Quando chegou em Portugal, Leonardo detestou Bartolomeu pelo que fizera com ele. Não era que Portugal tivesse má gente, mas é que a presença do rapaz aqui, era um suicídio artístico. O Destino quis que ele se distanciasse de Florença, mas o sentenciou a viver num lugar onde não havia qualquer tipo de apreço pelo sentimento de retorno a sabedoria grega que se espalhava pela Europa. Não quis, no entanto, bombardear Raquel com seu próprio ressentimento. Sabia que a única coisa que poderia ter, por aquele momento, era a esperança de que um dia, Portugal renasceria e que ele poderia ser uma peça que auxiliaria nesse processo. Leonardo então tomou as mãos de Raquel.
- Não se deixe levar por este pensamento. É fato que aqui ainda há pouco espaço para reconhecerem um trabalho de excelência, mas os tempos mudam. Mudaram por todos os reinos e mudarão aqui também. Confesso que essa mudança tem demorado, mas ela chega, aos poucos. Lembre-se que a Arte é um fim em si mesma. Enquanto esperamos, nos focamos na retratação do Belo e a perfeição fará suas obras transcenderem. Mas para que isso aconteça, não podemos desistir ou dificultaremos ainda mais todo este processo, nos entregando a apatia e desprezando a Arte, seremos apenas vetores contrários ao renascimento que se faz necessário. - Ele tomou um pouco de ar, quase discursava. Levantou a cabeça de Raquel empurrando o queixo dela para cima - Se serve de consolo para agora, um dia te levarei pra Florença, Veneza, Roma e muitos outros lugares. Muita diversão e excelsas ideias nos aguardam... somos jovens, meu amor.

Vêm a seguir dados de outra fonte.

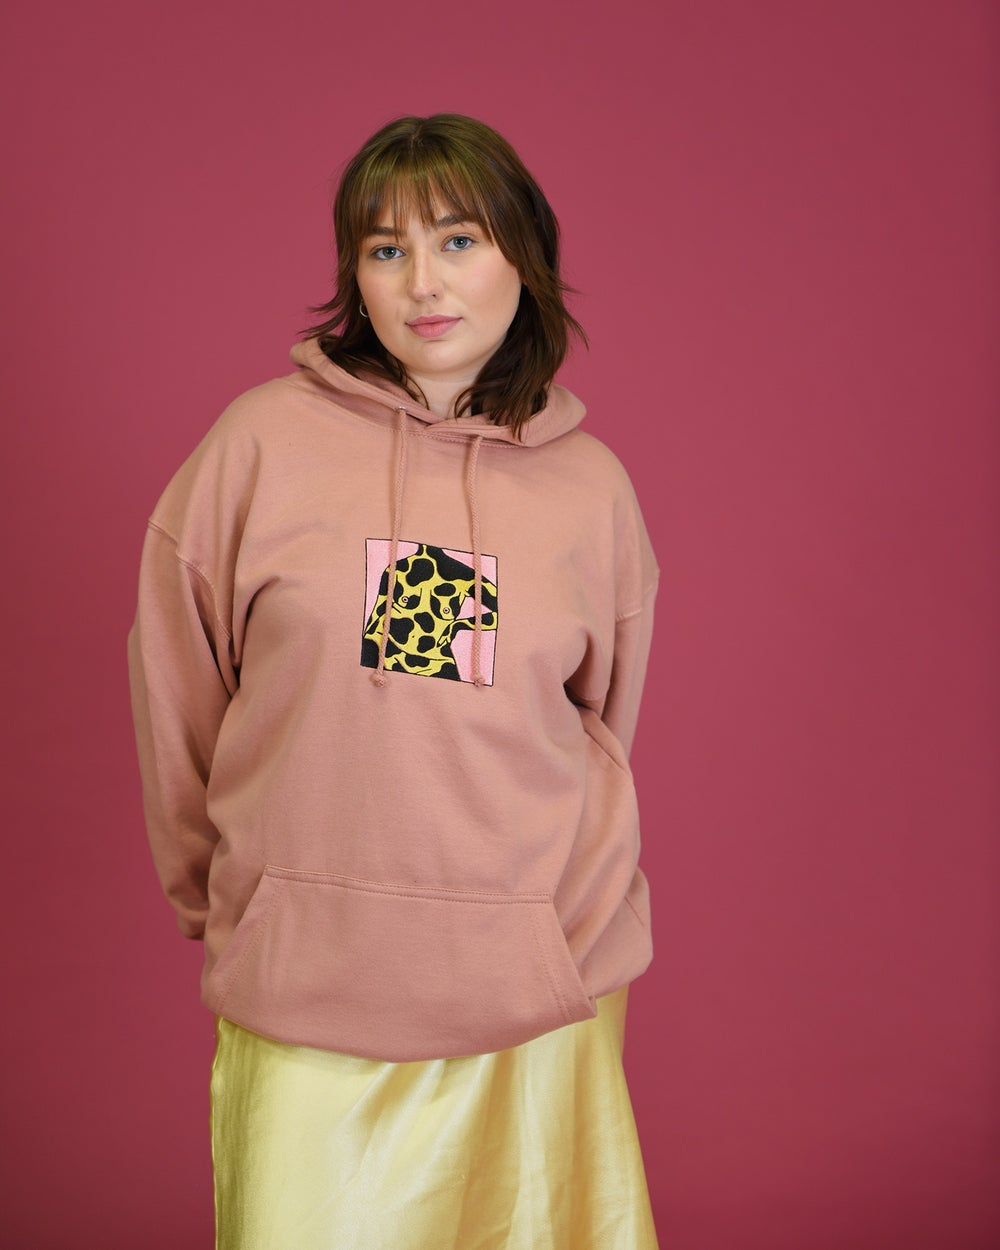 Image of square hoodie

Leonardo sentia-se pleno naquele lugar. Estava na companhia da pessoa que mais amava, num ambiente onde ele poderia sempre revelar o melhor de si. Queria desfrutar daquele momento, desfrutar da juventude dos dois, da energia que ela o fazia sentir. Poderia passar horas a fio, apenas na companhia dela, mas o tempo seguia sempre rápido, muitas vezes contra os dois.

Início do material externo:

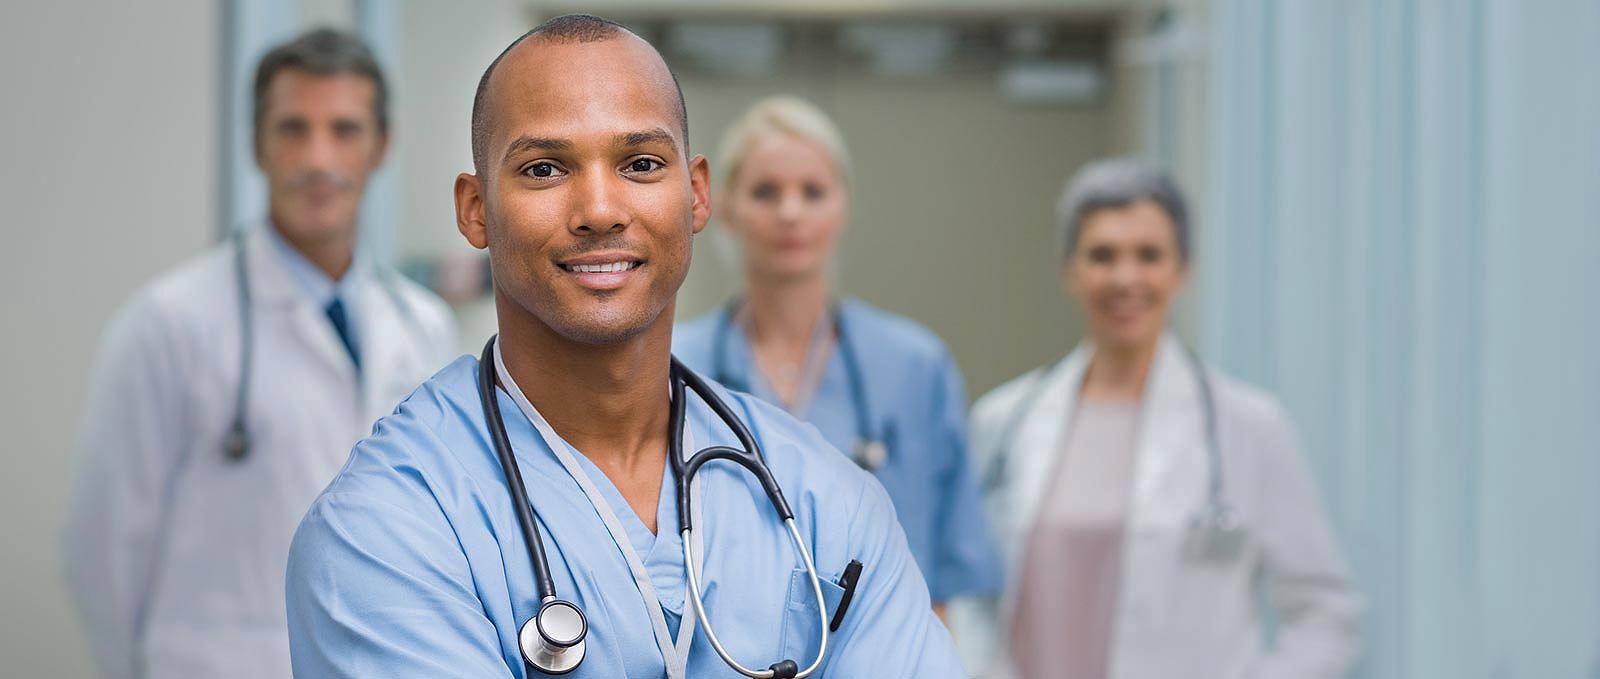 experienced male nurse in a hospital

Havia ido também a casa de Raquel com o objetivo de pegar alguns de seus livros, que imaginava que seriam úteis para desvendar o novo e estranho mistério que aparecera na vida deles. Pediu para que sua prima o ajudasse a encontrar os livros e arranjar um modo dele carregá-los. Explicou suas hipóteses, quanto ao disco, ainda em sua maioria especulativas. Sugeriu talvez um dedo de Hettinger, mas era pouco provável que aquele algoz se limitasse a tão parco intuito de apenas propor um jogo de mistérios. O que Hettinger possuía de inteligência, aplicava na violência e sua natureza era, até onde Leonardo pôde presumir, extremamente pragmática.
Os dois passaram mais algum tempo discutindo as possibilidades e Raquel fez com que Leonardo prometesse incluí-la em todo aquele processo de investigação. Assim que conseguiram encontrar os livros, o rapaz resolveu voltar ao Solar, para que evitassem quaisquer problemas que pudessem impedir novas visitas, agora ainda mais animadas pelo novo assunto. Ele teve de sair pelos fundos da casa, devido a intensificação das patrulhas naquela hora do dia. Por vezes um soldado, na oportunidade de ganhar alguns cruzados a mais com uma fofoca, se tornava tão falador como uma senhora desocupada.
Leonardo se sentiu extremamente relutante em atravessar a porta, beijou sua prima mais uma vez, como uma promessa de que não demoraria a vê-la de novo. Durante o resto do dia, carregou nos lábios aquela sensação de leveza, que era sua forma pessoal de culto a beleza de sua musa.